Let $X$ be a compact space. Let us call a function $f:X\to {\mathbb C}$ universally integrable if it is integrable with respect to each regular Borel measure $\mu$ on $X$ (one can imagine $\mu$ as an arbitrary positive continuous functional on ${\mathcal C}(X)$). We denote by ${\mathcal U}(X)$ the space of all universally integrable functions on $X$.

Nate Eldredge noticed here, that ${\mathcal U}(X)$ is a $C^*$-algebra with respect to the sup-norm: $$||f||=\sup_{x\in X}|f(x)|.$$ Question:

Is ${\mathcal U}(X)$ a von Neumann algebra with respect to this norm?

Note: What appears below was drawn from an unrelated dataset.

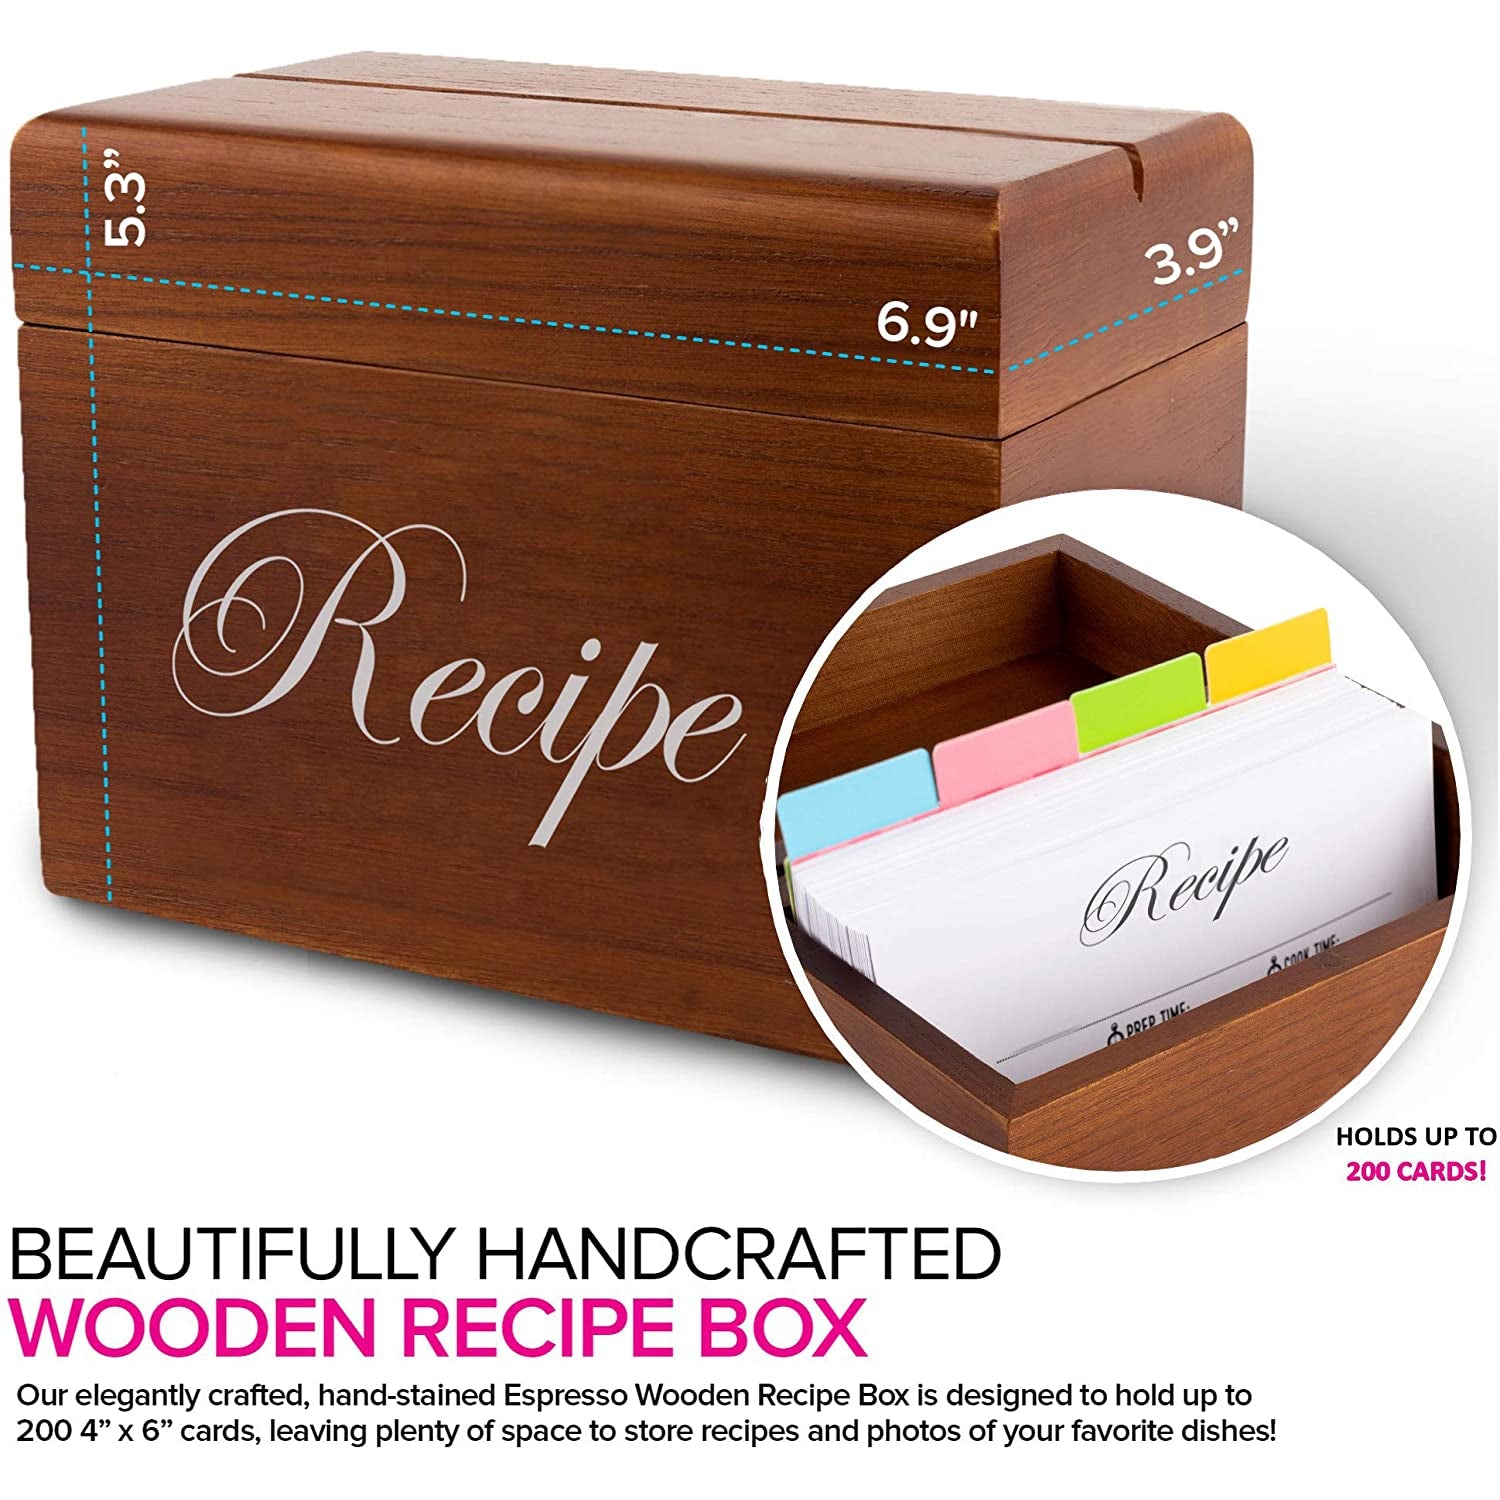 Stock Your Home Hand-Crafted Wooden Recipe Box - 75 Recipe Cards and 8

• Why not say "bounded universally measurable" instead of "universially integrable"? Mar 23, 2016 at 18:33
• Yes, this is the same. Do you think it will be better for understanding this notion? Mar 23, 2016 at 18:36
• @JonasMeyer what are the rules, who is supposed to accept the answer? It's you or me who have to push the button? Mar 28, 2017 at 4:57
• @SergeiAkbarov: You can accept in the normal way. If you're asking about the bounty, that is awarded by whoever starts it, so me in this case. Accept and bounty are independent. Mar 28, 2017 at 6:34
• Thank you, Jonas, for drawing people's attention to this question! Mar 28, 2017 at 7:39

The following is a slight elaboration on Martin Argerami's not-quite-complete (now deleted) answer. Let $E\subset X$ be any set which is not universally measurable (i.e., its characteristic function is not universally integrable). For each finite subset $F\subset E$, note that the characteristic function $1_F$ is in $\mathcal{U}(X)$. These characteristic functions form a bounded increasing net $(1_F)$ in $\mathcal{U}(X)$. If $\mathcal{U}(X)$ were a von Neumann algebra, it would be monotone-complete, and so $(1_F)$ would have a supremum $f\in\mathcal{U}(X)$. Note that for each $x\in X\setminus E$, $1_{X\setminus\{x\}}\in\mathcal{U}(X)$ is an upper bound for each $1_F$, so we have $f\leq 1_{X\setminus\{x\}}$ for all such $x$. The only function $f$ on $X$ which satisfies $1_F\leq f$ whenever $F\subset E$ is finite and $f\leq 1_{X\setminus\{x\}}$ wheneve $x\in X\setminus E$ is $f=1_E$. But $1_E\not\in\mathcal{U}(X)$, so no such supremum $f\in\mathcal{U}(X)$ can exist. Thus $\mathcal{U}(X)$ is not a von Neumann algebra, at least whenever $X$ is nontrivial enough that such a set $E$ exists.
More generally, a similar argument shows that if $A$ is a *-subalgebra of the algebra of all bounded functions on a set $X$ which contains all characteristic function of singletons, then if $A$ is a von Neumann algebra it must actually be the entire algebra of bounded functions.